Whoever was under the illusion that organizations the likes of Greenpeace are actual environmentalists who pursue the improvement of human health and biodiversity, will suffer a severe shock from the exchange included in the Addendum video. Sebastian Theissing-Matei, spokesperson for Greenpeace in Austria gave these answers:
“Interviewer: In organic shops, I can buy that were produced with radiation of chemicals (sic). Does it make sense to allow one thing, while demonizing the other [GMO foods]?
Theissing-Matei: This is indeed a certain unsharpness which is born historically – we have to be honest about it.
Interviewer: Shouldn’t Greenpeace also fight against certain types of apples that are being sold in organic shops and that were produced through radiation?
Theissing-Matei: As said, these are types that historically have existed for much longer. There is an unsharpness in the law, no doubt. We always concentrate on the things that are currently political debates.
Interviewer: Should the arguments of Greenpeace not be based on reality, meaning the danger or non-danger and possible utility [of technological progress], and not only on based on what is being discussed in the media?
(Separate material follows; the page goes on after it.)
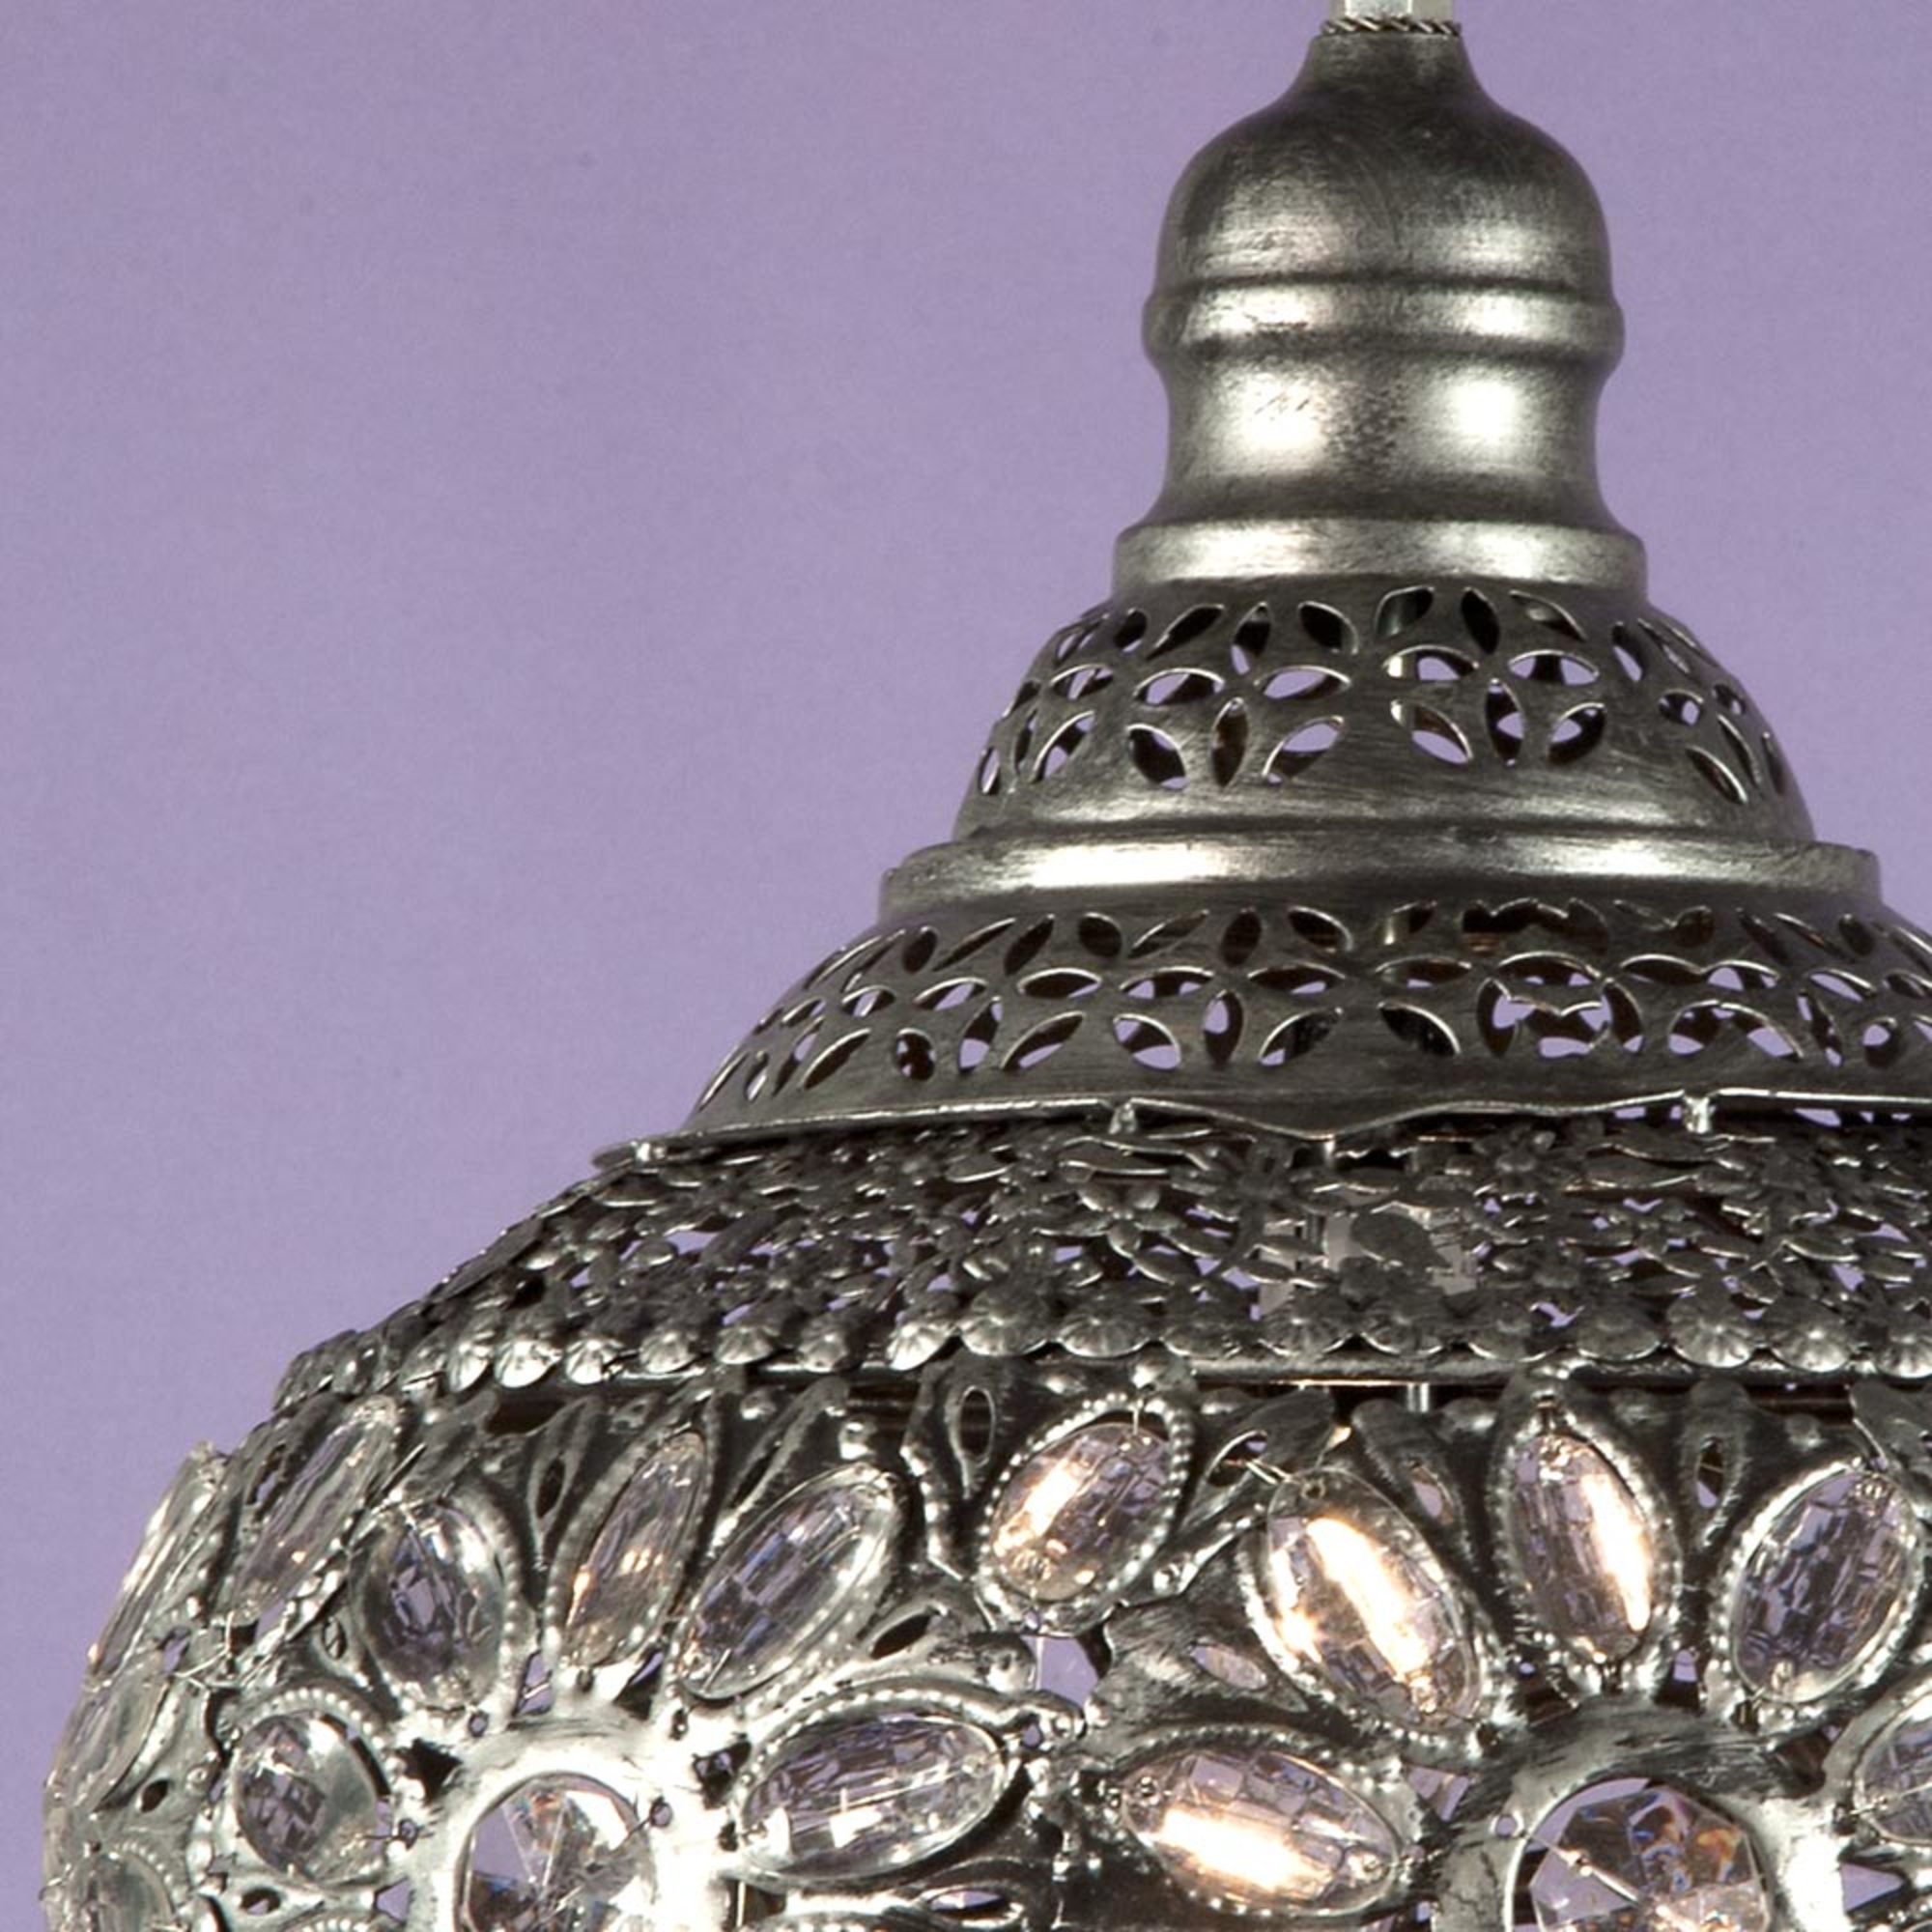 Jewelled Chandelier Light - Antique Silver

Theissing-Matei: We are a political organization. Of course we try to act in the best interest of the environment, but momentarily the political debate is whether or not new methods for genetic modification should be placed under current legislation of genetic modification.”
Greenpeace has more or less consistently refused to accept grants from governments (including the European Union), which does not endanger any of their funding by that token. It would have to be pointed out that the billion-dollar NGO has, in Europe in particular, benefited from financial support from green political parties, which themselves are entirely government-funded.
As for the political debate that the Austrian Greenpeace spokesperson addresses, it is interesting hearing such a thing from this particular organization. As far back as 1996, Greenpeace was seen protesting the arrival or a transport ship in the harbour of Hamburg, Germany, containing “the first set of genetically modified soybeans in Germany”. The protest had shown its effects: The then German minister for research demanded that producers label all of their foods if they have been genetically modified. So people talk about an issue that Greenpeace raised, and now this is the only topic it can address. Greenpeace is, in a beautiful fashion, fulfilling its own prophecies.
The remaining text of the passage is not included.